One religious woman whose husband died of COVID-19 told Buffin the Lord had clearly spared her from the virus. Buffin kept visiting her, finding ways to discuss the vaccine without making her feel her beliefs were under attack. The day he dropped by while she was praying and knocked on the door, she said God was telling her it was time to get the vaccine.

Buffin said the human approach helps, but some people are more interested in the numbers. He has health department employees at vaccine clinics to fill people in on local statistics and answer questions about the vaccines.

Buffin said a lot of people delay the second shot even after agreeing to the first. He said in his experience men are especially prone to putting it off compared to women.

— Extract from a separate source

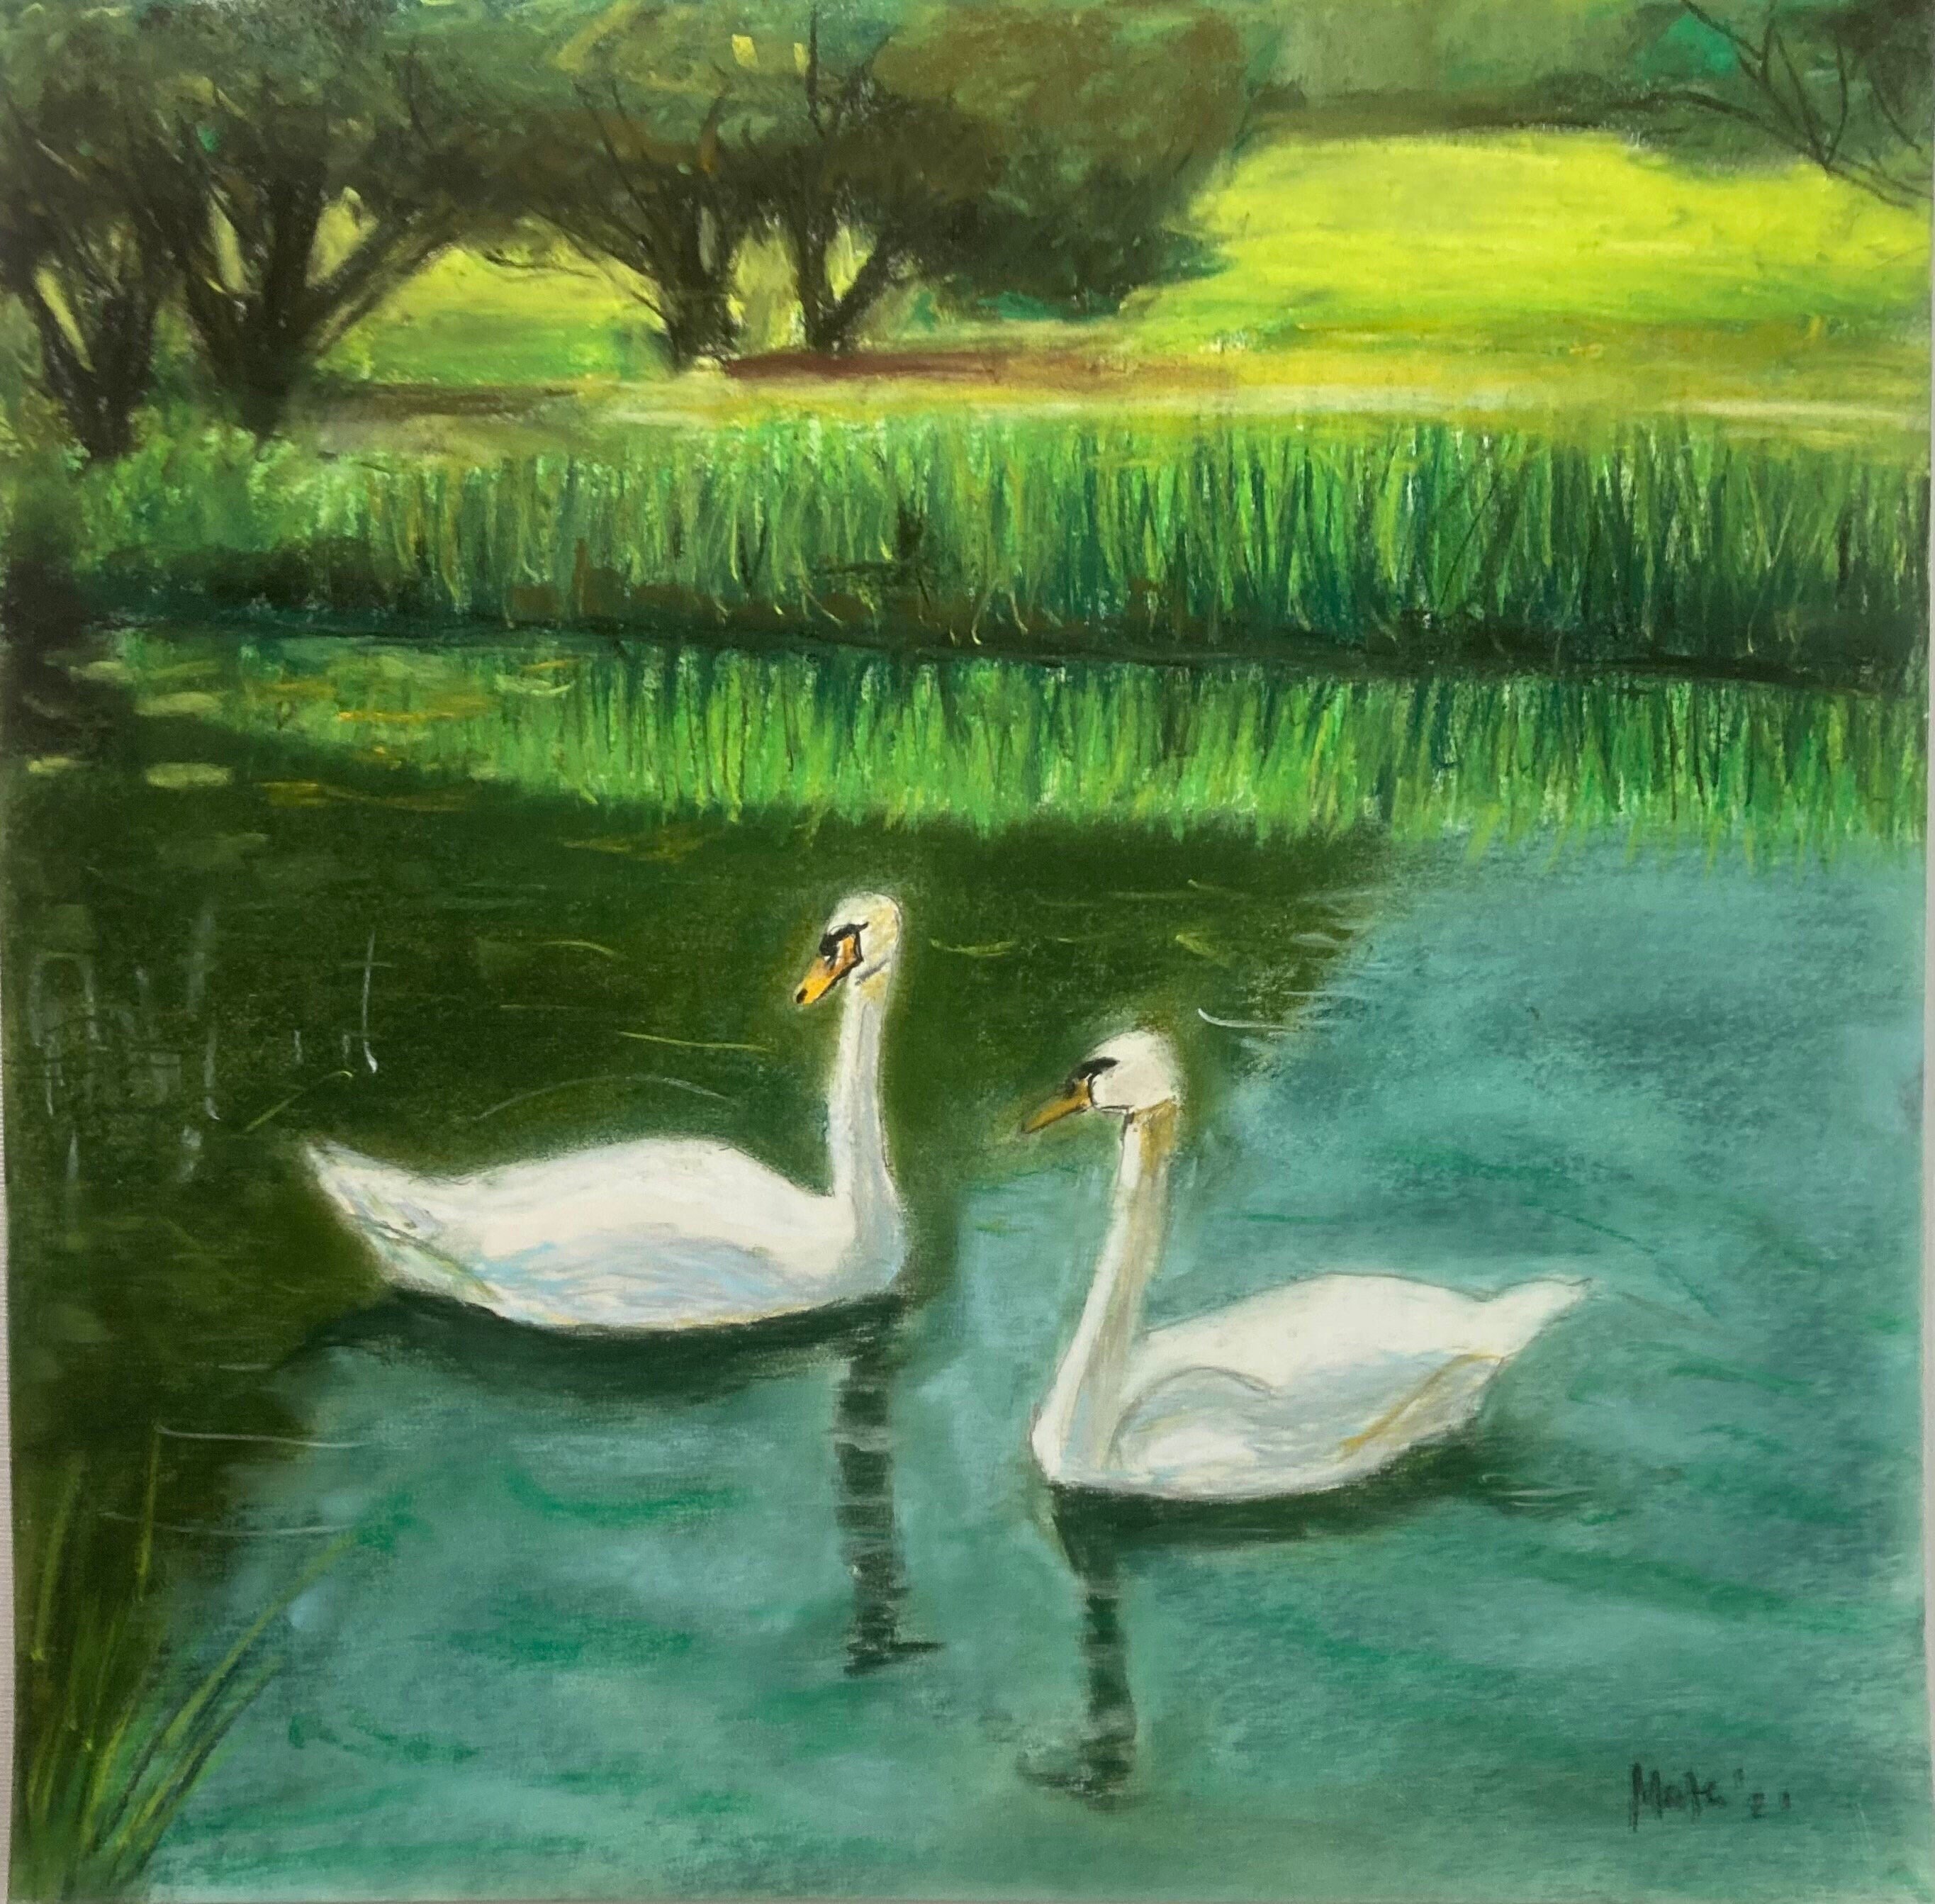 Two Swans in Water With Green Field and Trees in

“I wish I had more Johnson & Johnson vaccines, but I don’t,” Buffin said. “But just like I get them to take the first one, I’m the same way about the second. I’m not argumentative about it. I tell them they have plenty of time.”

In H-E-B’s pharmacy, signs inform people waiting in line that zinc and vitamin C supplements are on sale. Buffin said many of the people he is trying to reach tell him they take nutritional supplements to protect themselves in lieu of the vaccine.

“Sometimes I say ‘but we took 12 of them (vaccines) just to get through school,’” Buffin said.

Mathis chose the Pfizer vaccine specifically because it has regular approval from the U.S. Food and Drug Administration, while the other have emergency approval.

Buffin has been doing this work since June, and he has had some extra help for the past two weeks. The housing authority is started offering incentives in the form of $40 gift cards, funded by a grant. He said the recent addition has helped by serving as a conversation starter, but that alone will not convince anyone.

“If I don’t listen to them, they’re not going to listen to me,” Buffin said. “I have to empathize with what they’re saying.”

He is also working on getting buttons like his own, declaring the wearer has been vaccinated, for older people he has convinced to get the vaccine who want to help others do the same now.

“Once they take it it’s like a weight off of them,” Buffin said. “They can go live.”